I think you’re wrong about baseline elicitation sufficing.
A key difficulty is that we might need to estimate what the elicitation quality will look like in several years because the model might be stolent in advance. I agree about self-elicitation and misuse elicitation being relatively easy to compete with. And I agree that the best models probably won’t be intentionally open sourced.
The concern is something like:
We run evals (with our best elicitation) on a model from an AI lab and it doesn’t seem that scary.
North Korea steals the model immediately because lol, why not. The model would have been secured much better if our evals indicated that it would be scary.
2 years later, elicitation technology is much better to the point where North Korea possessing the model is a substantial risk.
The main hope for resolving this is that we might be able to project future elicitation quality a few years out, but this seems at least somewhat tricky (if we don’t want to be wildly conservative).
Separately, if you want a clear red line, it’s sad if relatively cheap elicitation methods which are developed can result in overshooting the line: getting people to delete model weights is considerably sadder than stopping these models from being trained. (Even though it is in principle possible to continue developing countermeasures etc as elicitation techniques improve. Also, I don’t think current eval red lines are targeting “stop”, they are more targeting “now you need some mitigations”.)
Agreed about the red line.
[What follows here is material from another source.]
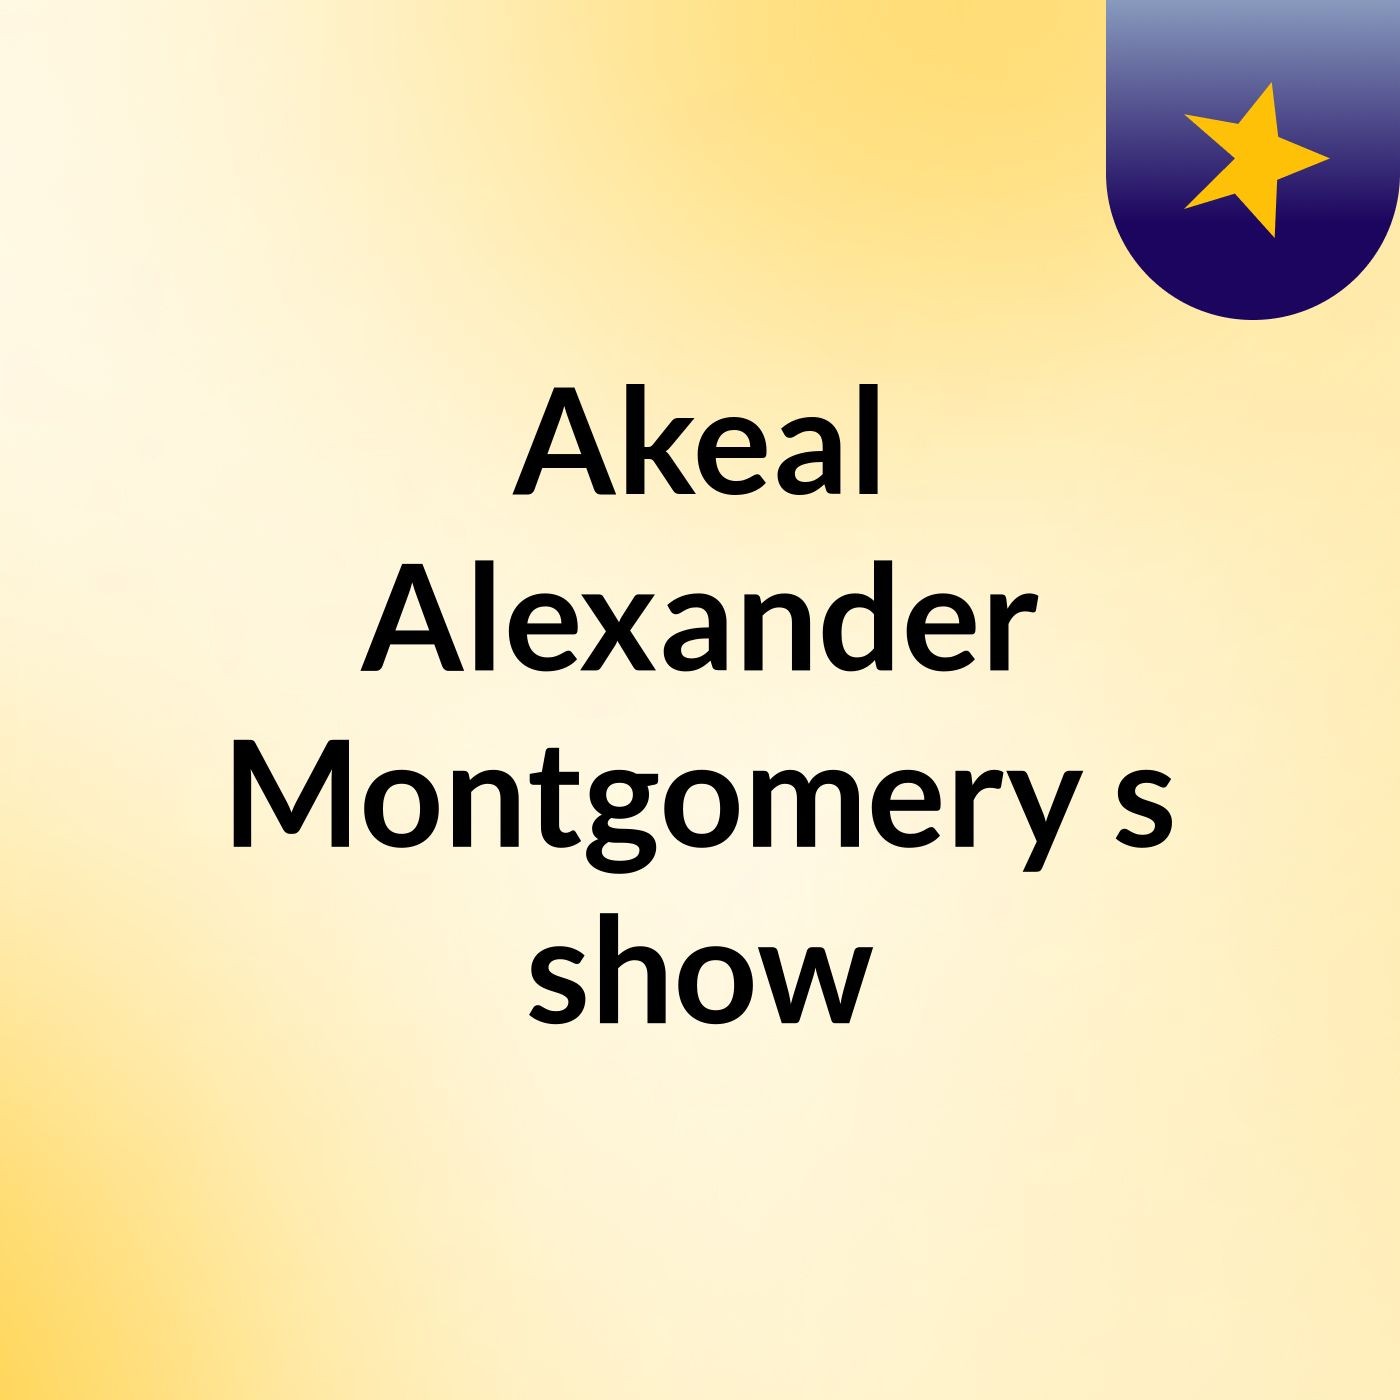 Akeal Alexander Montgomery's show

It’s probably the main weakness of the eval-then-stop strategy. (I think progress in elicitation will slow down fast enough that it won’t be a problem given large enough safety margins, but I’m unsure about that.)
I think that the data from evals could provide a relatively strong ground on which to ground a pause, even if that’s not what labs will argue for. I think it’s sensible for people to argue that it’s unfair and risky to let a private actor control a resource which could cause catastrophes (e.g. better bioweapons or mass cyberattacks, not necessarily takeover), even if they could build good countermeasures (especially given a potentially small upside relative to the risks). I’m not sure if that’s the right thing to do and argue for, but surely this is the central piece of evidence you will rely on if you want to argue for a pause?